Running Experiments

Running experiments in Raster Vision is done by the run rastervision command. This looks in all the places stated by the command for Experiment Set classes and executes methods to get a collection of ExperimentConfig objects. These are fed into the ExperimentRunner that is chosed as a command line argument, which then determines how the commands derived from the experiments should be executed.

ExperimentRunners

An ExperimentRunner takes a collection of ExperimentConfig objects and executes commands derived from those configurations. The commands it chooses to run are based on what commands are requested from the user, what commands already have been run, and what commands are common between ExperimentConfigs.

Note

Raster Vision considers two commands to be equal if their inputs, outputs and command types (e.g. rv.CHIP, rv.TRAIN, etc…) are the same. Raster Vision will avoid running multiple of the same command in one run with sameness defined in this way.

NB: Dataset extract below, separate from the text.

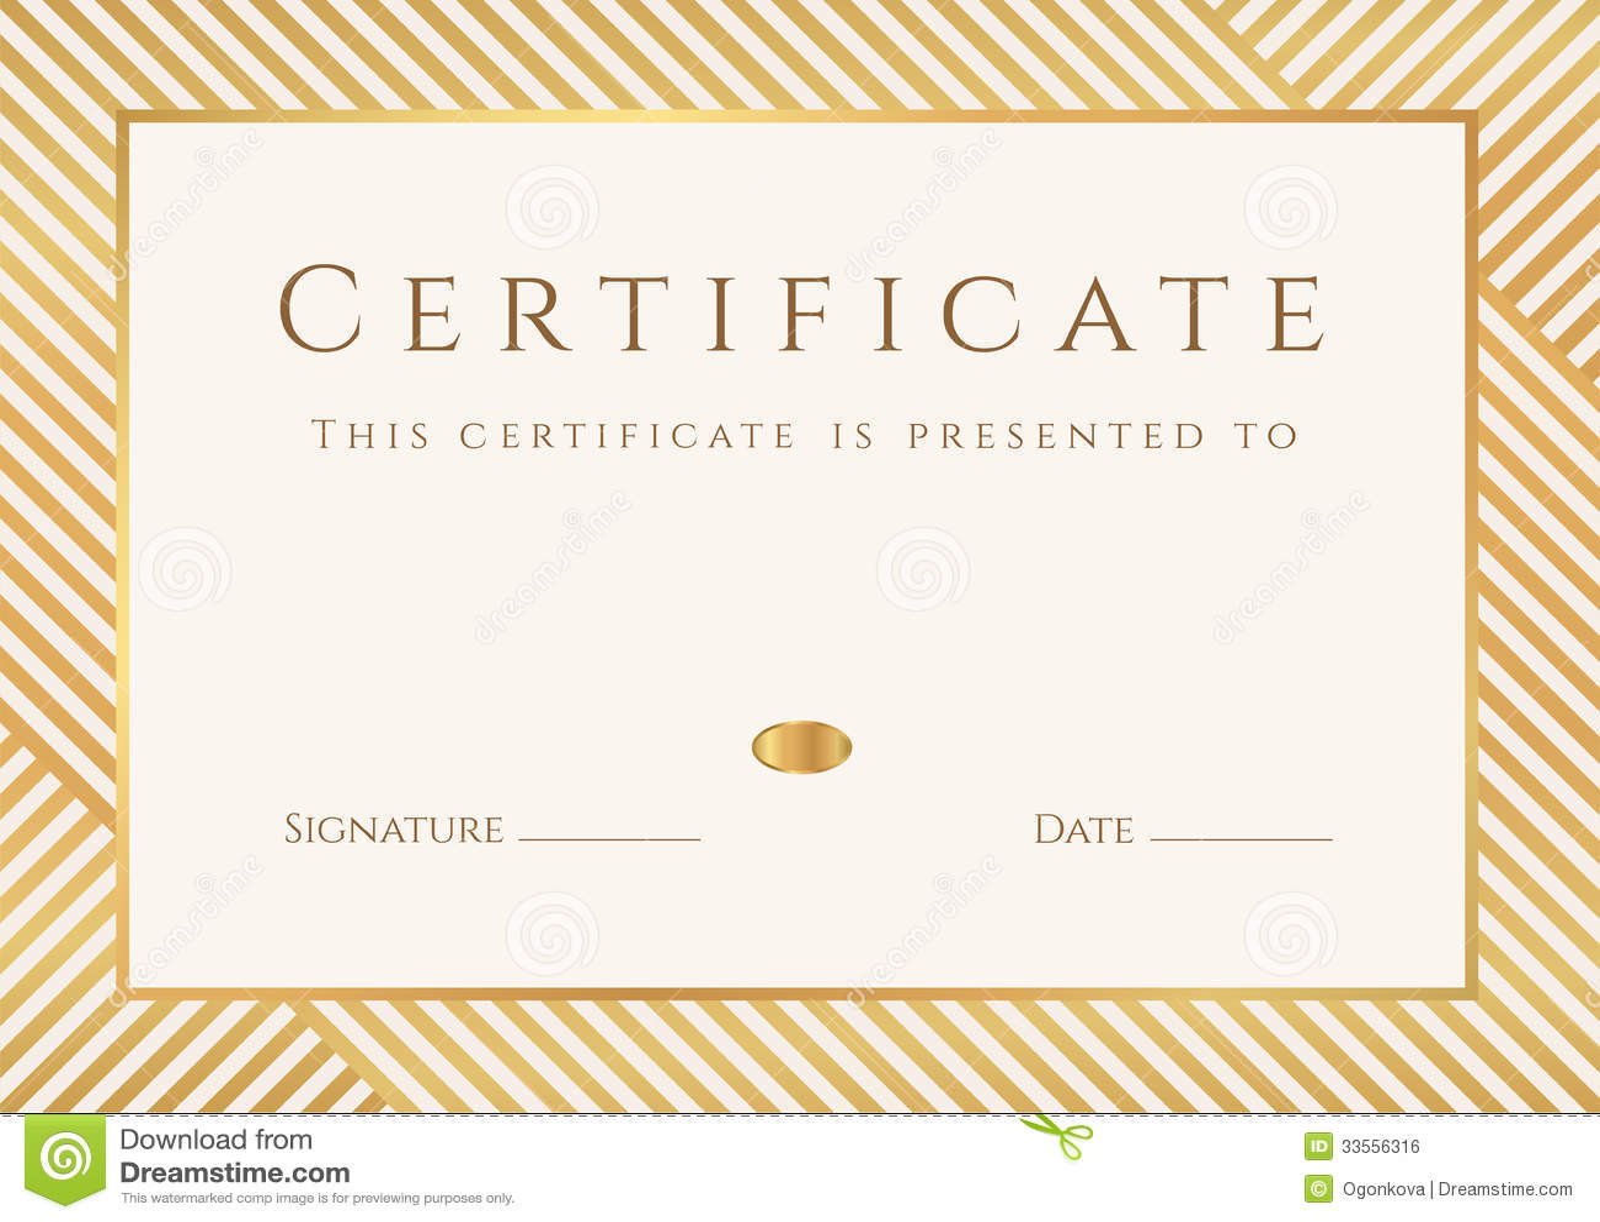 achievement award certificates templates

During the process of deriving commands from the ExperimentConfigs, each Config object in the experiment has the chance to update itself for a specific command, and declare what its inputs and outputs are. This is an internal mechanism, so you won’t have to dive too deeply into this unless you are a contributor or a plugin author. However, it’s good to know that this is when some of the implicit values are set into the configuration. For instance, the model_uri property can be set on a rv.BackendConfig by using the with_model_uri on the builder; however the more standard practice is to let Raster Vision set this property during the “update_for_command” process described above, which it will do based on the root_uri of the ExperimentConfig as well as other factors.

The parent ExperimentRunner class constructs a Directed Acyclic Graph (DAG) of the commands based on which commands consume as input other command’s outputs, and passes that off to the implementation to be executed. The specific implementation will choose how to actually execute each command.

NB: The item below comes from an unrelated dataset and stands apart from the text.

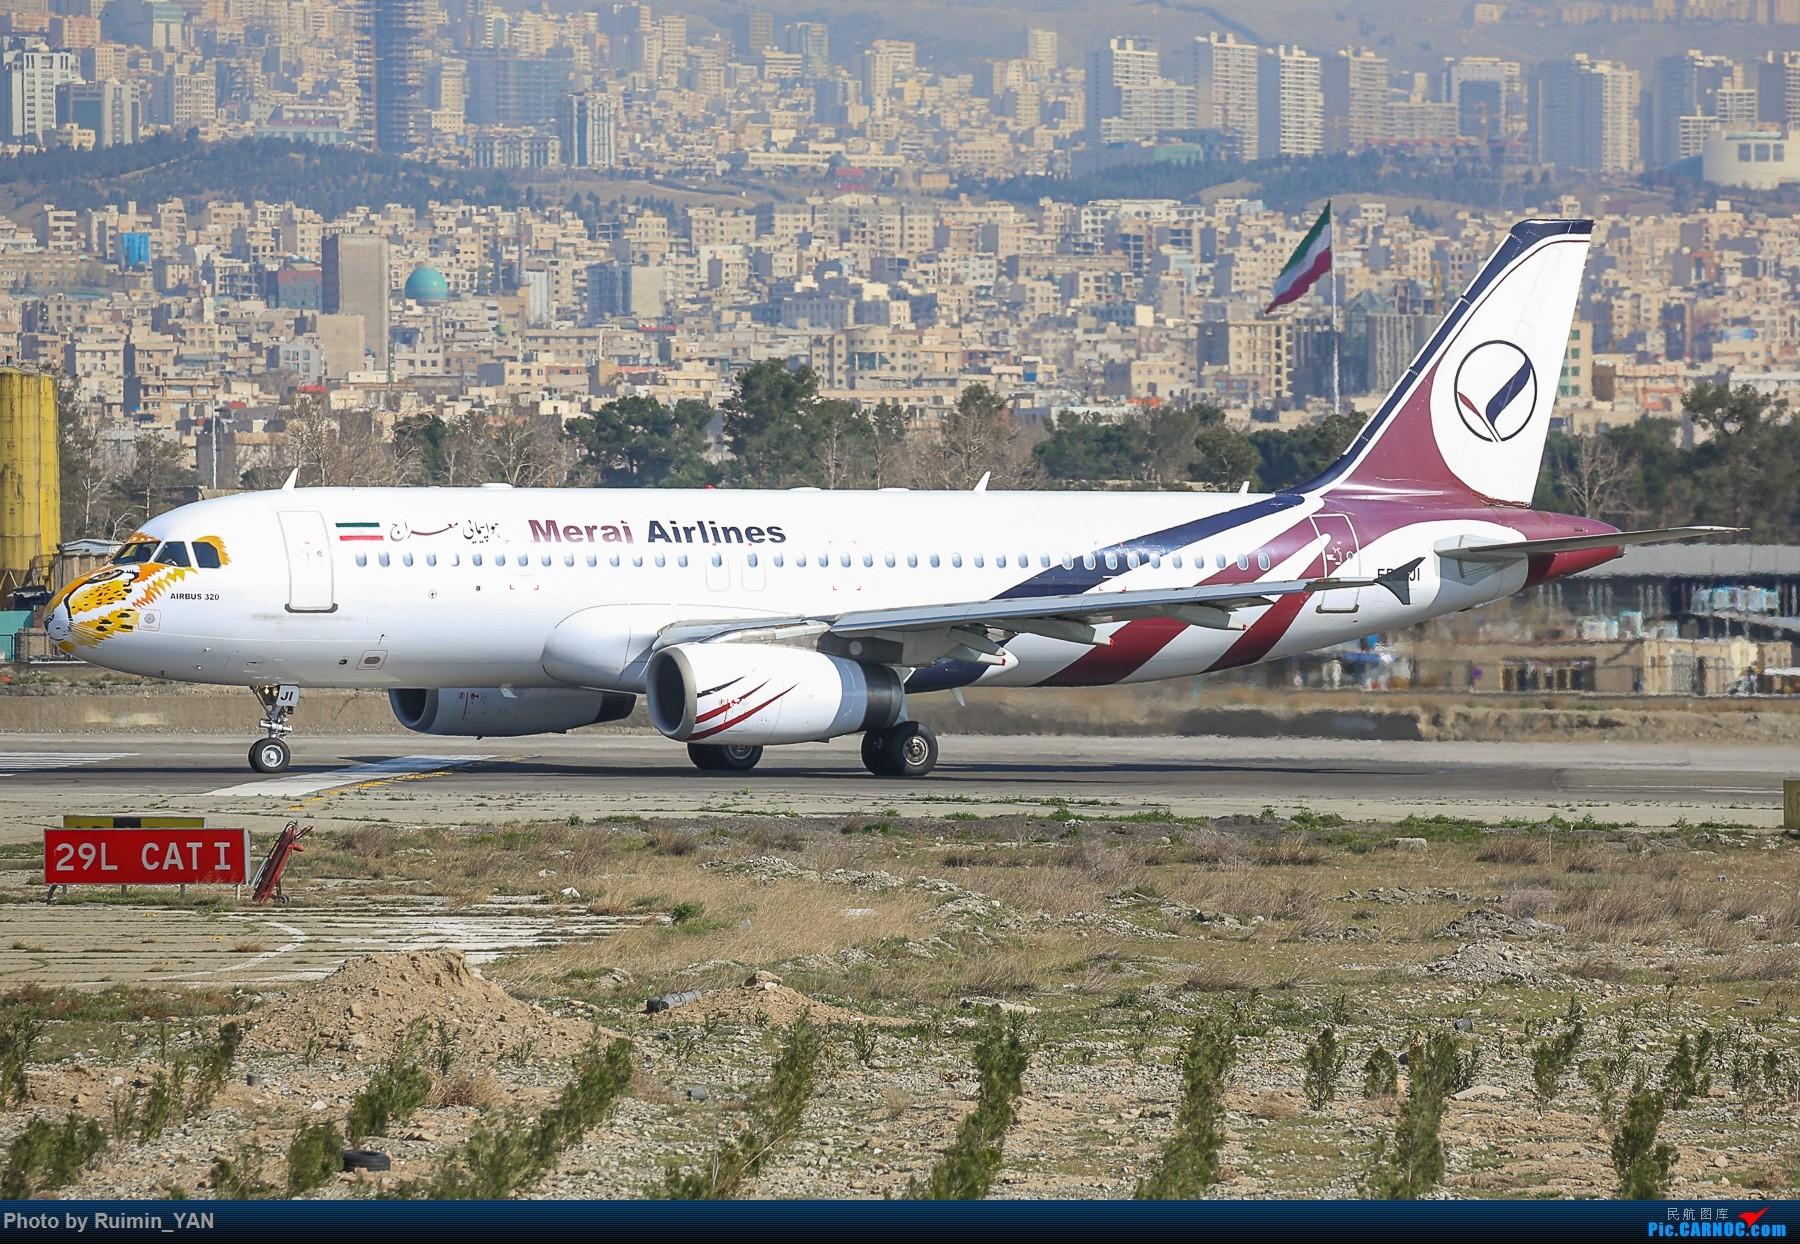 Re:[原创]【THR】(德黑兰梅赫拉巴德机场)伊朗Meraj航空(Meraj Airlines,IJ)野生动物彩绘--空客320 AIRBUS A320-200 EP-AJI 伊朗德黑兰机场

When an ExperimentSet is executed by an ExperimentRunner, it is first converted into a CommandDAG representing a directed acyclic graph (DAG) of commands. In this graph, there is a node for each command, and an edge from X to Y if X produces the input of Y. The commands are then executed according to a topological sort of the graph, so as to respect dependencies between commands.

Two optimizations are performed to eliminate duplicated computation. The first is to only execute commands whose outputs don’t exist. The second is to eliminate duplicate nodes that are present when experiments partially overlap, like when an ExperimentSet is created with multiple experiments that generate the same chip:

_images/commands-tree-workflow.png

Running locally

A rastervision run local ... command will use the LocalExperimentRunner, which simply executes each command in the DAG on the client machine. These run serially, without any parallelization. In future versions, we may want to split the DAG up into components that can be executed in parallel on a large machine.

Running on AWS Batch

rastervision run aws_batch ... will execute the commands on AWS Batch. This provides a powerful mechanism for running Raster Vision experiment workflows. It allows for queues of GPU instances to have 0 instances running when not in use. With the running of a single command on your own machine, AWS Batch will increase the instance count to meet the workload with low-cost spot instances, and terminate the instances when the queue of commands is finished.

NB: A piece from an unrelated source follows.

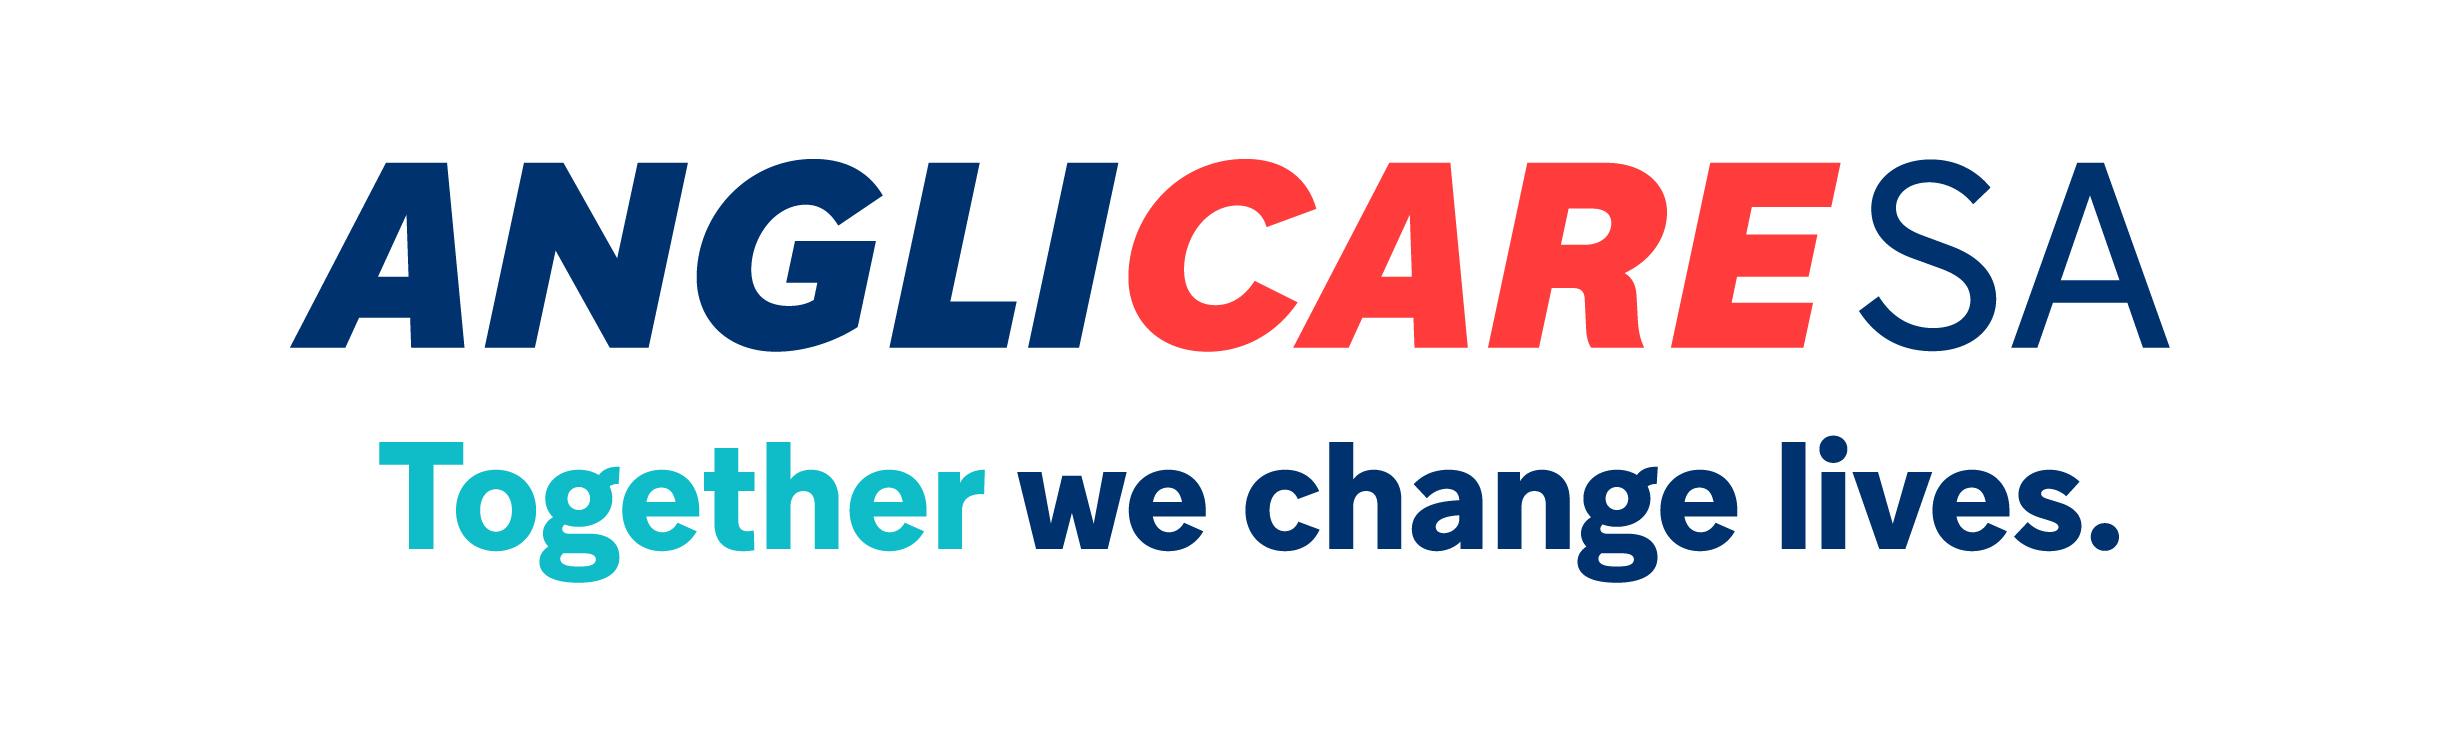 AnglicareSA Logo

The AWSBatchExperimentRunner executes each command as a call to rastervision run_command inside of the Docker image configured in the job definition that is sent to AWS Batch. Commands that are dependent on an upstream command are submitted as a job after the upstream command’s job, with the jobId of the upstream command job as the parent jobId. This way AWS Batch knows to wait to execute each command until all upstream commands are finished executing, and will fail the command if any upstream commands fail.

If you are running on AWS Batch or any other remote runner, you will not be able to use your local file system to store any of the data associated with an experiment - this includes plugin files.

Note

To run on AWS Batch, you’ll need the proper setup. See Setting up AWS Batch for instructions.